The Metabolic Impacts of Time-restricted Feeding in Men at High Risk of Type 2 Diabetes

This study will explore the effects of eight weeks of time-restricted feeding (TRF) on body weight and composition, glycaemic control, 24-hour glucose profiles, glucoregulatory hormones, and cardiovascular risk in men at high risk of type 2 diabetes. The investigators hypothesise that 8 weeks of TRF will reduce body weight, improve body composition, improve glycaemic control and blood lipid profiles. The potential mechanism will be explored in terms of the changes in gene expression patterns and multi-omics level (e.g., adipose tissue transcriptome, blood proteome).

Study Overview

• Status: Completed
• Conditions: Obesity; Type2 Diabetes
• Intervention / Treatment: Behavioral: TRF

Detailed Description

Following a 2 week baseline monitoring phase (food intake by smartphone APP, activity by accelerometer, glucose by continuous glucose monitor), participants will attend the metabolic clinic for testing (visit 0). Body weight, body composition (by DEXA), and blood pressure will be assessed. Blood and adipose tissue samples will be collected over 24-hour period for assessment of glucose, insulin, glucoregulatory hormones, blood lipids and adipose tissue transcriptome. Glucose and insulin responses to a standardised breakfast will be measured. All food will be provided for 3 days prior to the metabolic visit. Following visit 0, participants will be instructed to eat only within a 10-hour time frame each day for 8 weeks. Participants may self-select the precise window that best suits their lifestyles, however any food and drink must be consumed at least 3 hours prior to their usual bedtime. 24-hour glucose profiles, activity and food intake will be measured again at week 6-8. At the end of the 8 weeks, participants will return for a follow-up metabolic visit, identical to that at visit 0, except foods are provided with the 10h time frame.

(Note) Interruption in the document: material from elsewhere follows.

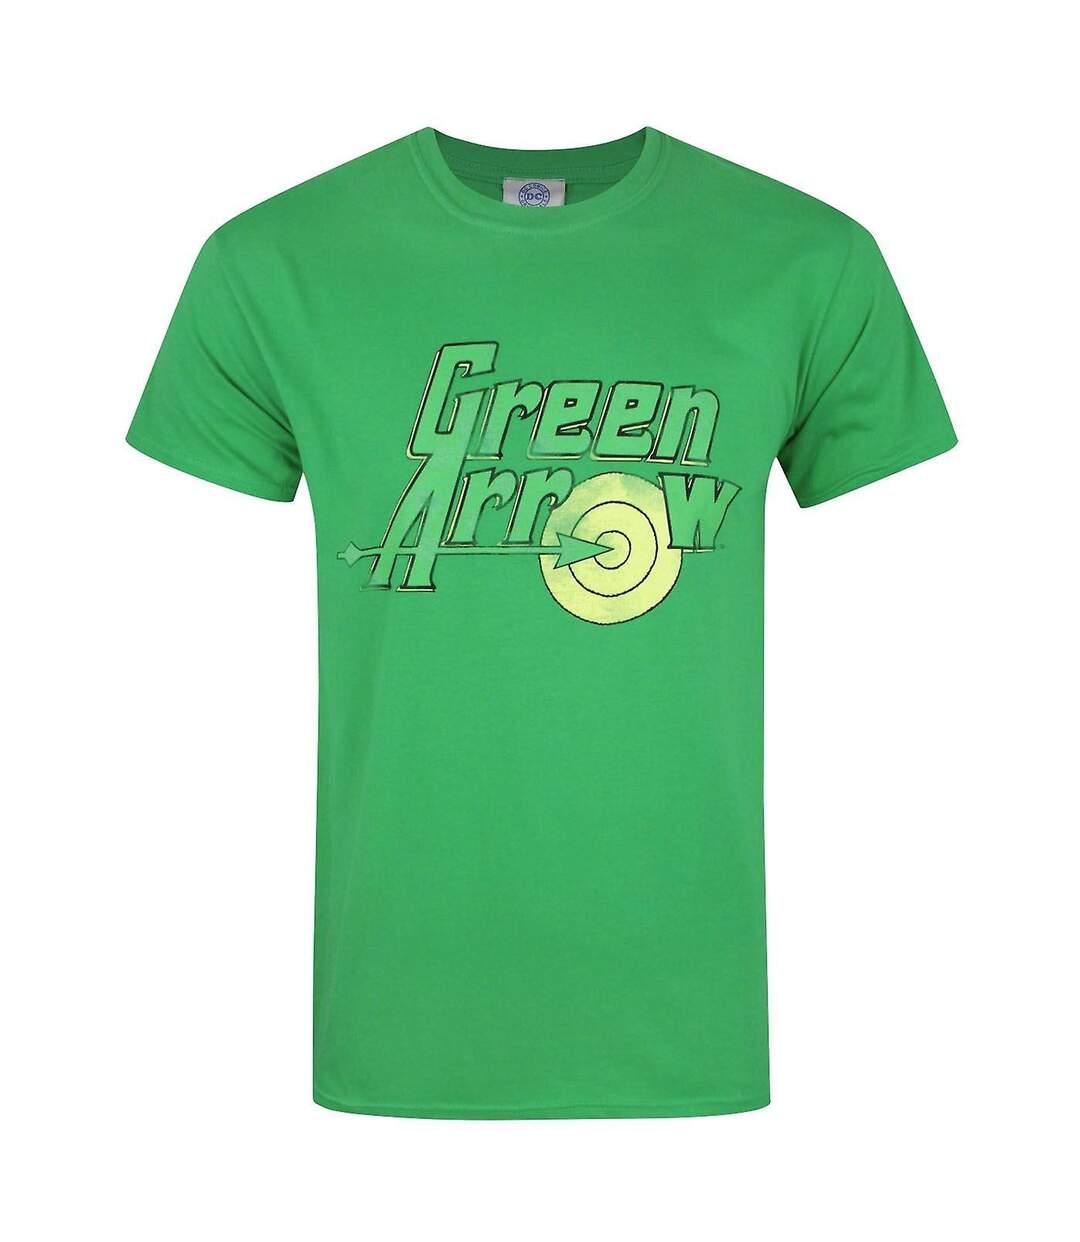 Green Arrow Mens Logo T-Shirt (Green) - UTNS5295
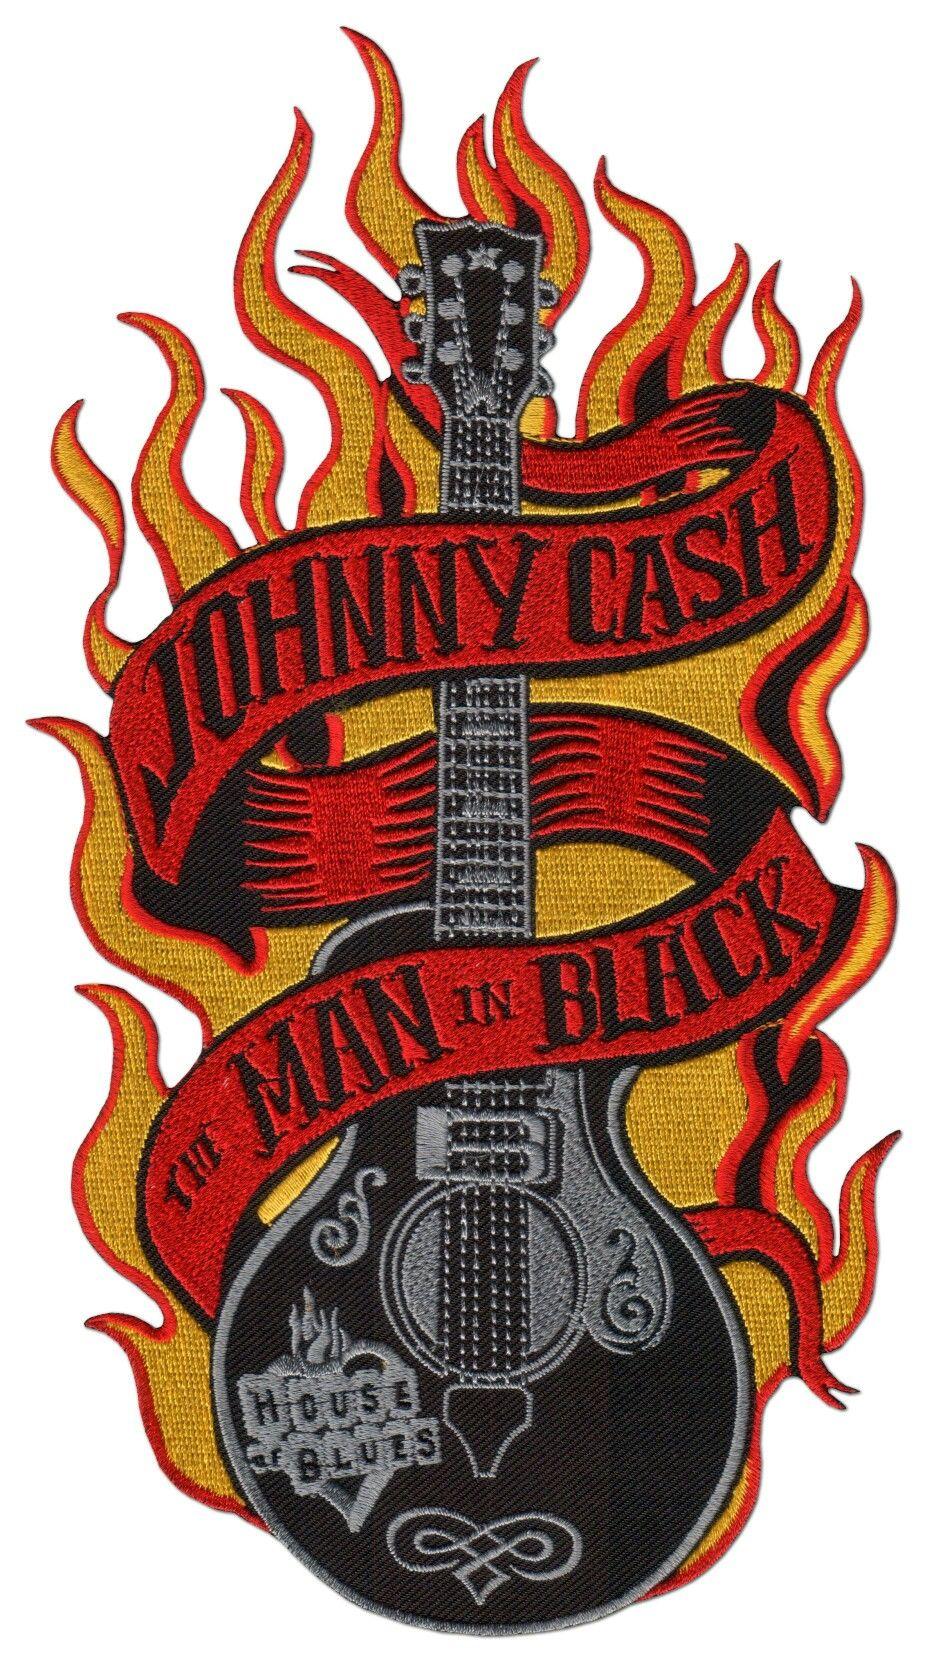 johnny cash the man in black johnny cash pinterest johnny cash and music tattoos. Black Bedroom Furniture Sets. Home Design Ideas

• Study Type: Interventional
• Enrollment (Actual): 15
• Phase: Not Applicable

Contacts and Locations

Study Locations

• Australia
  • South Australia
    • Adelaide, South Australia, Australia
      • University of Adelaide

Participation Criteria

Eligibility Criteria

• Ages Eligible for Study: 40 years to 70 years (ADULT, OLDER_ADULT)
• Accepts Healthy Volunteers: Yes
• Genders Eligible for Study: Male

Description

Inclusion Criteria:

• Waist circumference ≥94 cm
• Weight-stable (< 5 % fluctuation in their body weight for past 6-months at study entry)

Exclusion Criteria:

• Personal history and/or diagnosis of: diabetes, cancer, major psychiatric disorders, liver disease, gastro-intestinal surgery or disease (including malabsorption), eating disorders, anaemia, insomnia, cardiovascular disease deemed unstable by the study physician.
• use of prescribed or non-prescribed medications which may affect energy metabolism, gastrointestinal function, body weight or appetite, sleep (e.g: domperidone and cisapride, anticholinergic drugs (e.g.: atropine), metoclopramide, orlistat, thyroid medications, diuretics, glucocorticoids, sex steroids, metformin, dipeptidyl peptidase-IV inhibitors, melatonin)
• recent weight change in past 3 months (> 5% current body weight)
• individuals who regularly perform high intensity exercise (>2 week)
• current intake of > 140g alcohol/week
• current smokers of cigarettes/cigars/marijuana/e-cigarettes/vaporisers
• current intake of any illicit substance
• unable to comprehend study protocol
• currently performing shift work
• has undertaken, or is planning to undertake, trans meridian travel during the study period, or the preceding 60 days
• do not own a smartphone
• eats for less than a 12-hour period per day

Study Plan

How is the study designed?

Design Details

• Primary Purpose: PREVENTION
• Allocation: NA
• Interventional Model: SINGLE_GROUP
• Masking: NONE

Number of Arms

1

Arms and Interventions

Participant Group / Arm

Intervention / Treatment

EXPERIMENTAL: TRF; Participants will follow their regular diet for two weeks before 3-day lead-in food prior to the metabolic testing at visit 0. Participants will then be instructed to eat their habitual diet only within a 10-hour time frame each day for 8 weeks. Participants may self-select the precise window that best suits their lifestyles, however any food and drink must be consumed by 7:30pm.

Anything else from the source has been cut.